■ Your goal
Each line from the one holding "Arrowhead Sparkling Water, Simply" to the last line of the listing must be set down exactly. No pictures are to be included.

■ Available data
[Start of Attachment]

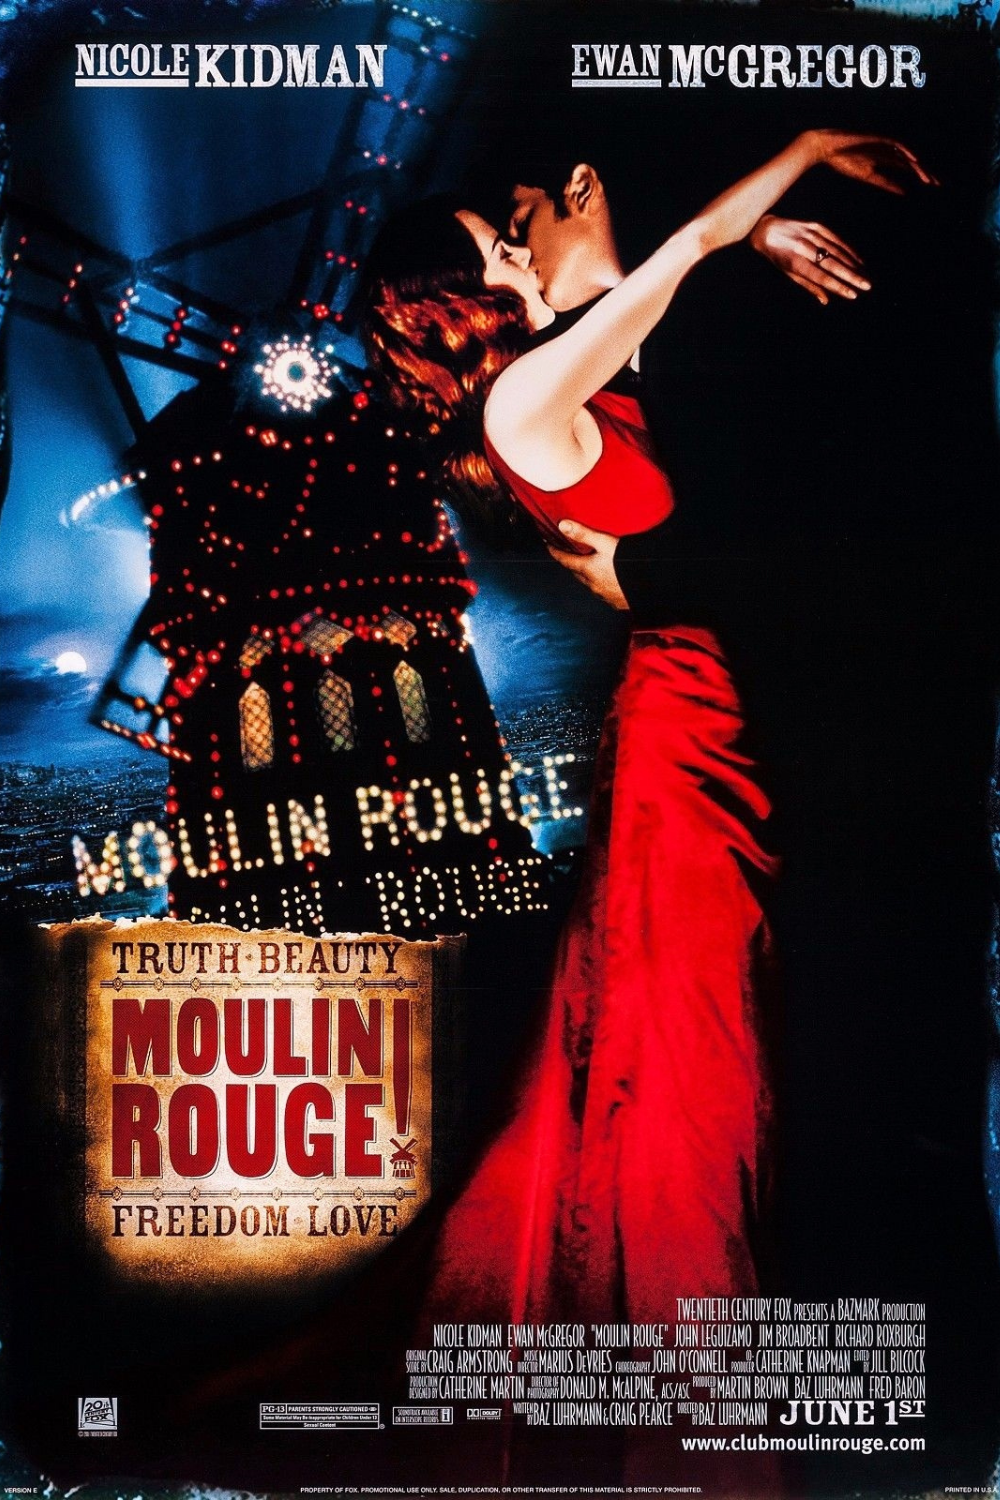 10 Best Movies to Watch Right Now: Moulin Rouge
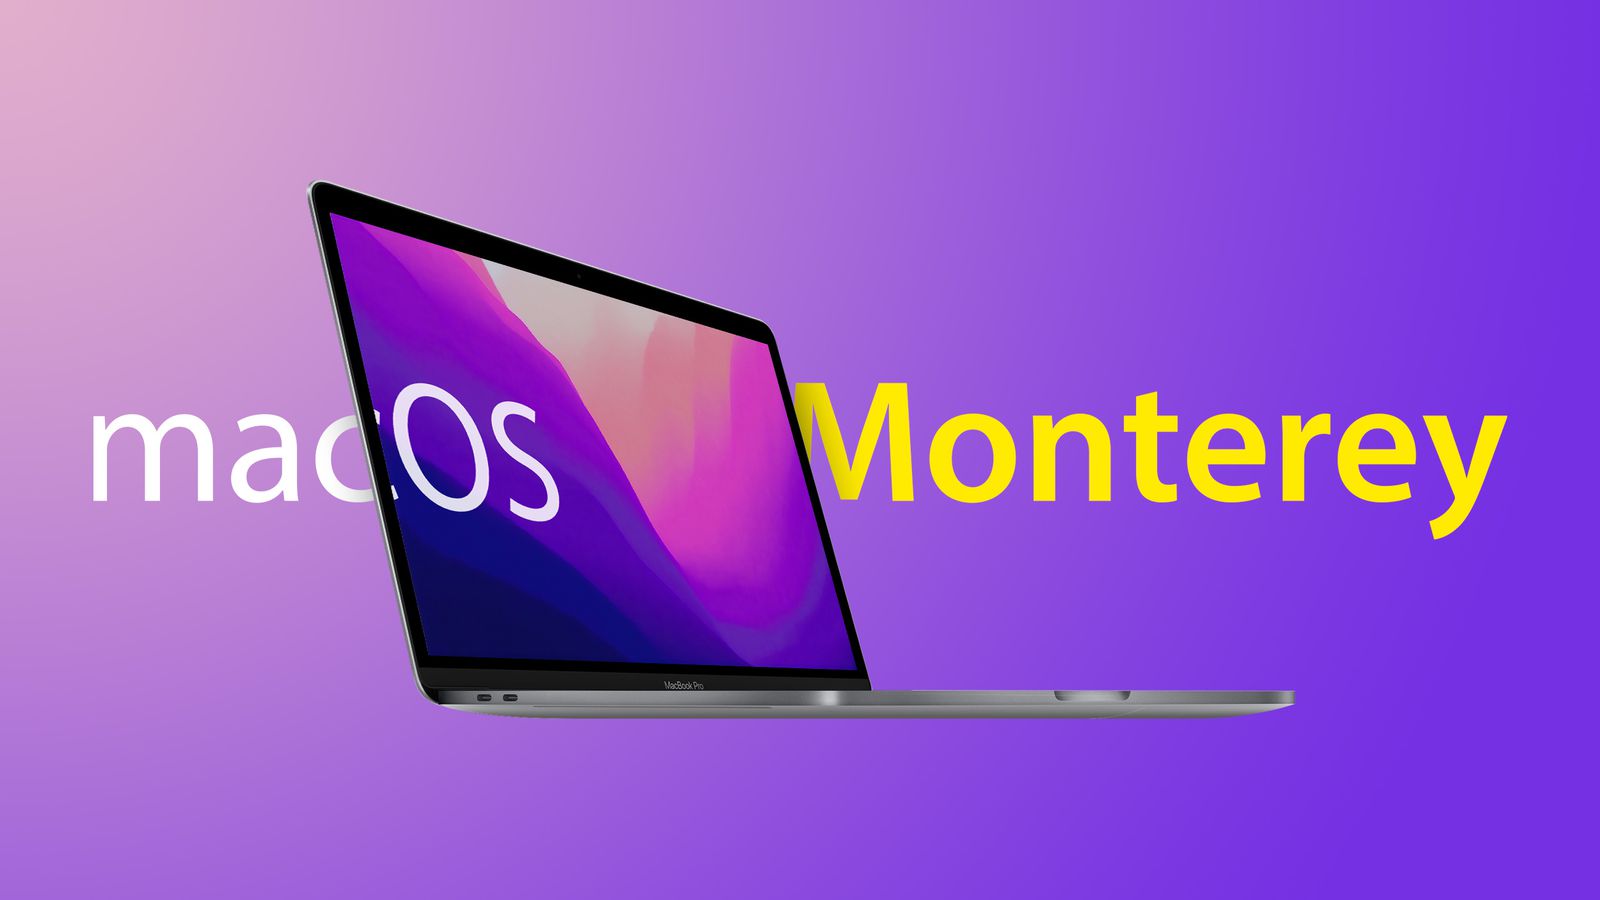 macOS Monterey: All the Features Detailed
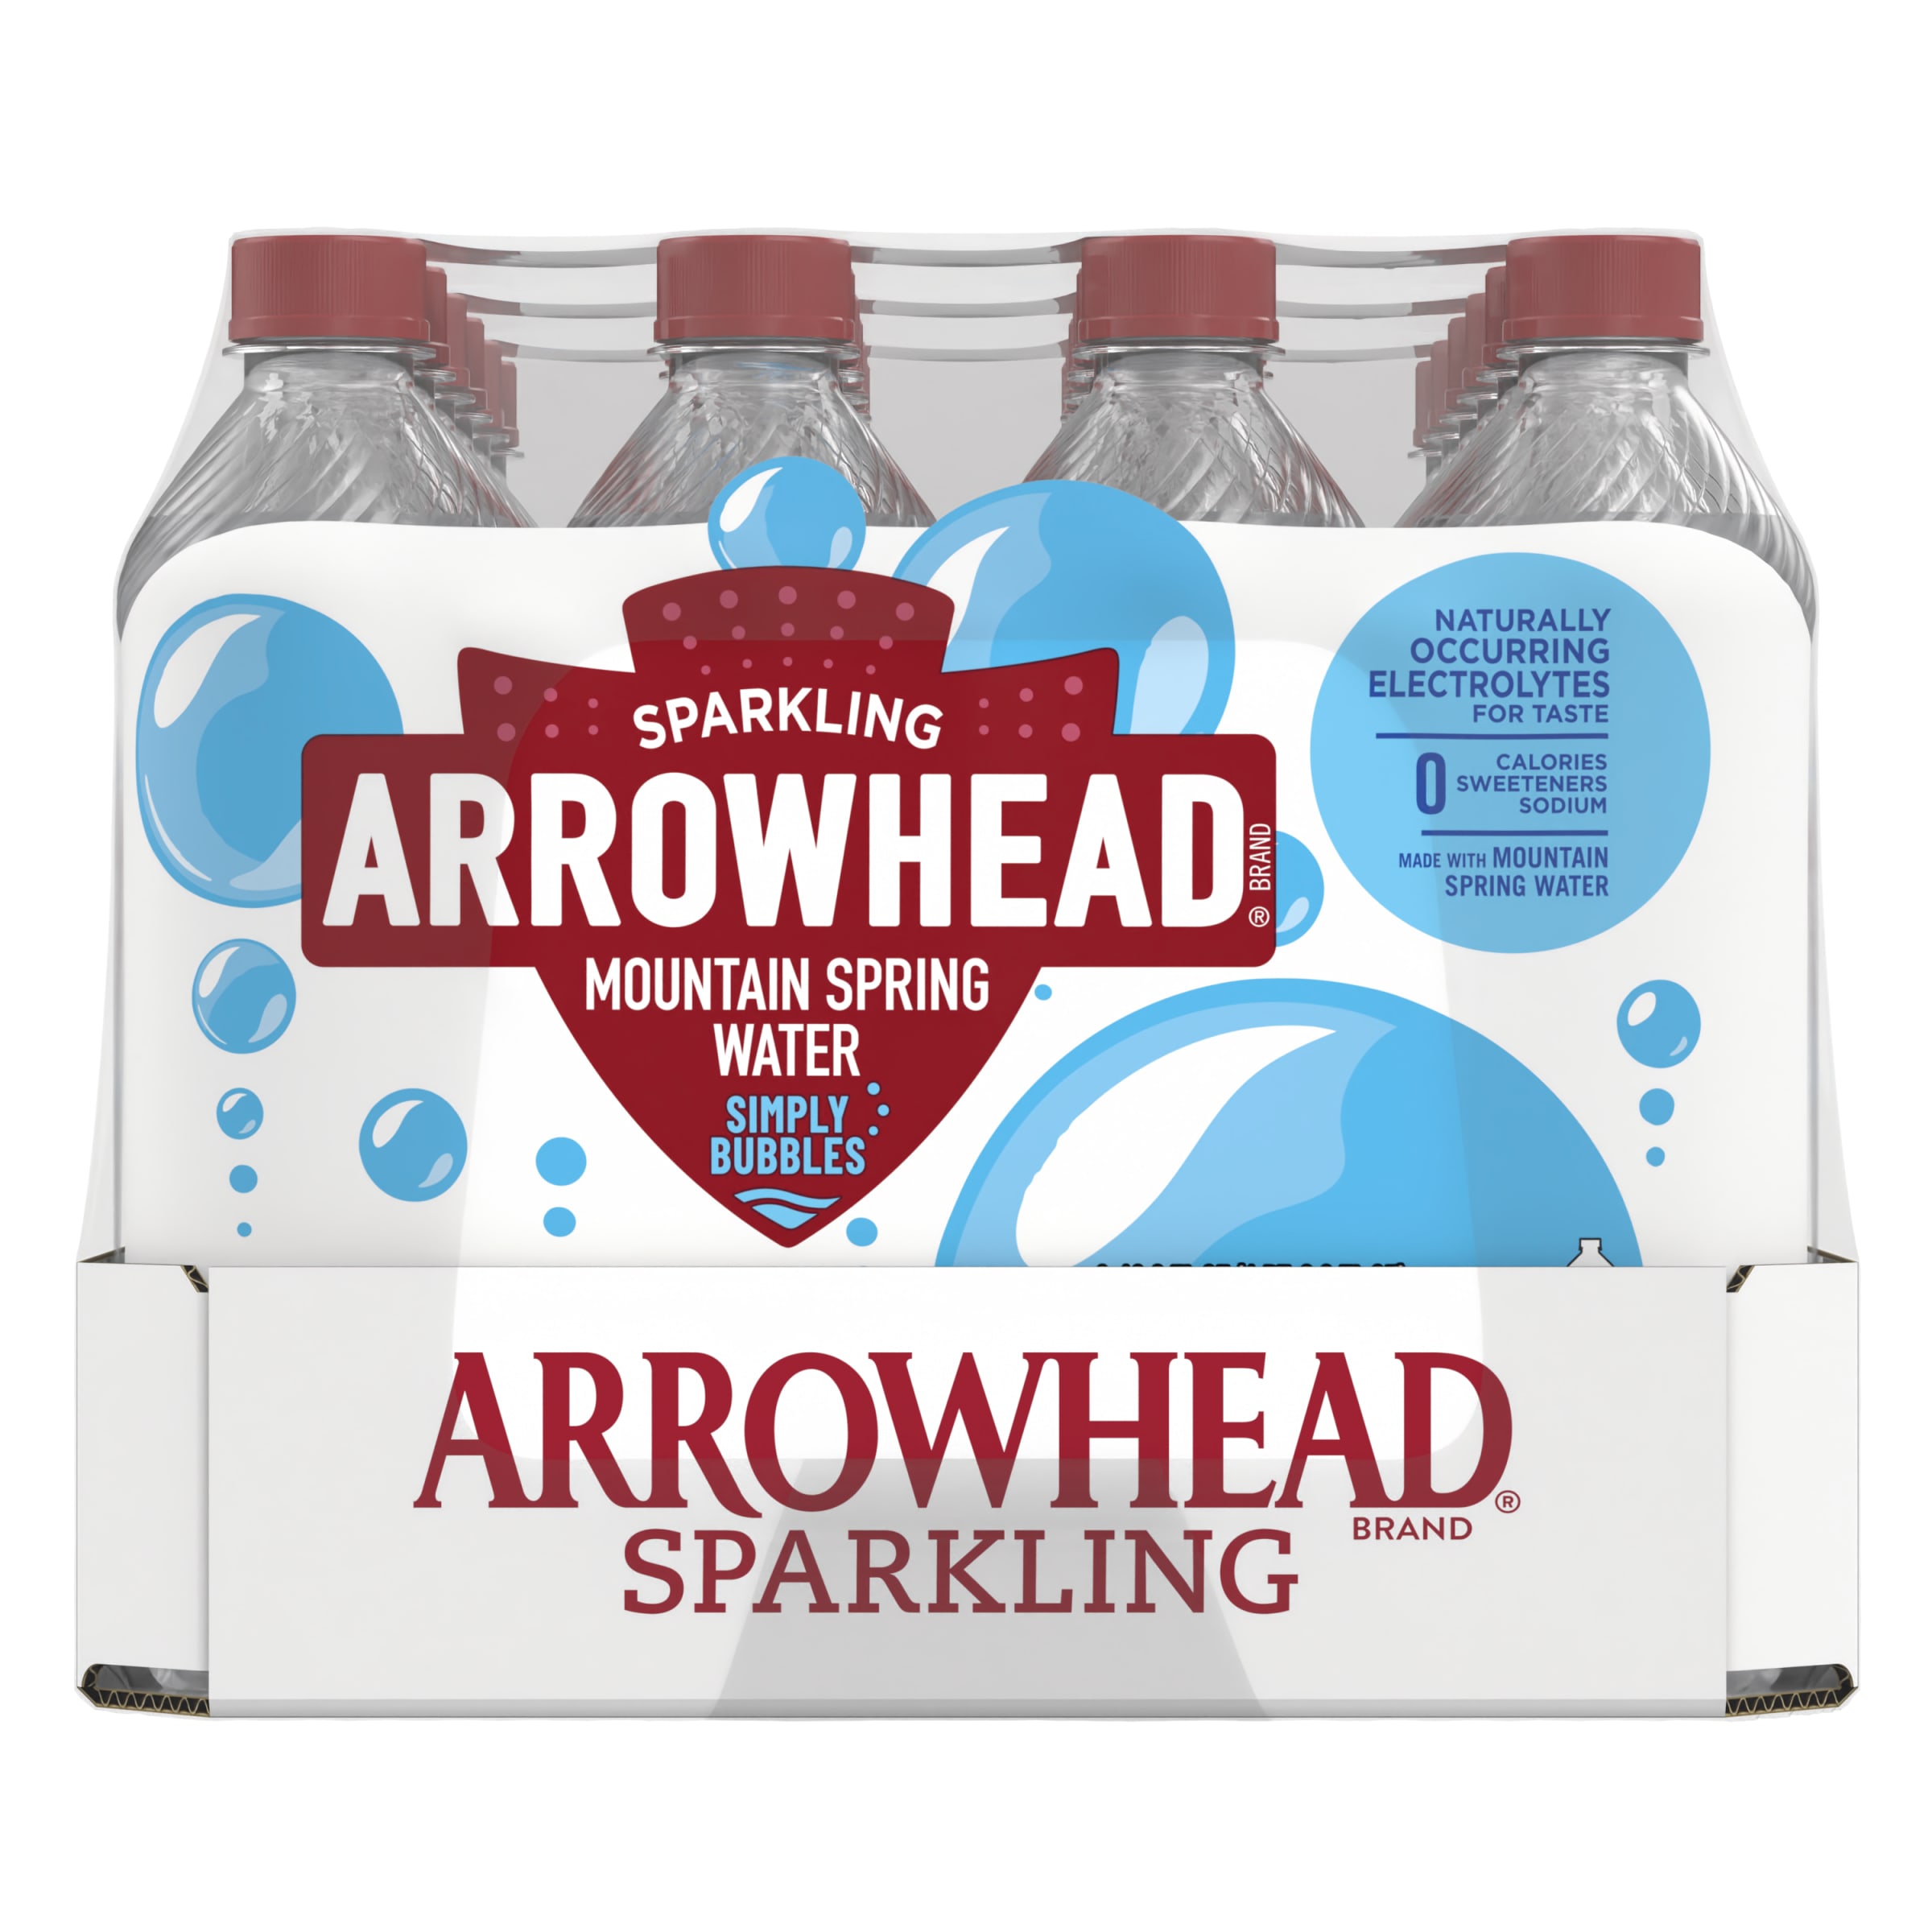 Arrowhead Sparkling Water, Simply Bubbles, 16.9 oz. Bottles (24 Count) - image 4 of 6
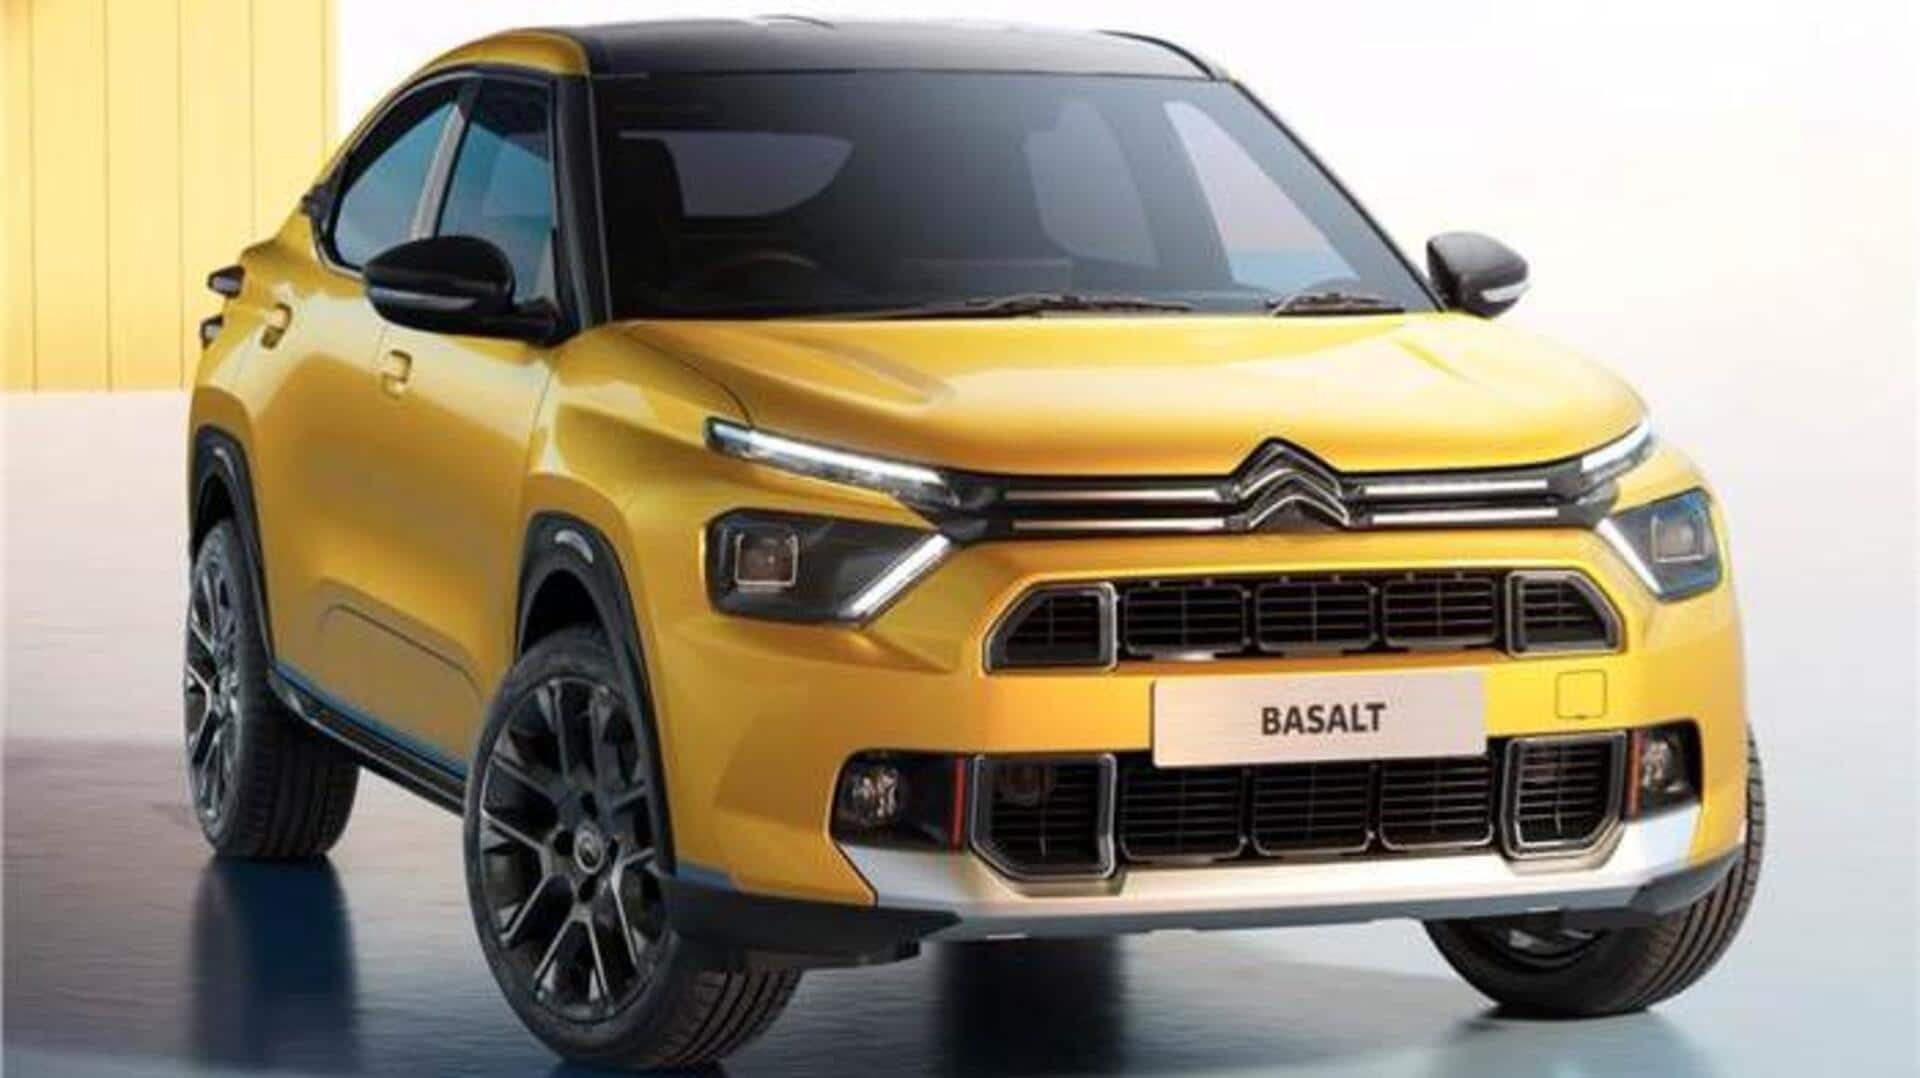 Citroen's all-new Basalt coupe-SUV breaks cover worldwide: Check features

[End of Attachment]

■ Solution for this exercise
 Arrowhead Sparkling Water, Simply Bubbles, 16.9 oz. Bottles (24 Count) - image 4 of 6
 Citroen's all-new Basalt coupe-SUV breaks cover worldwide: Check features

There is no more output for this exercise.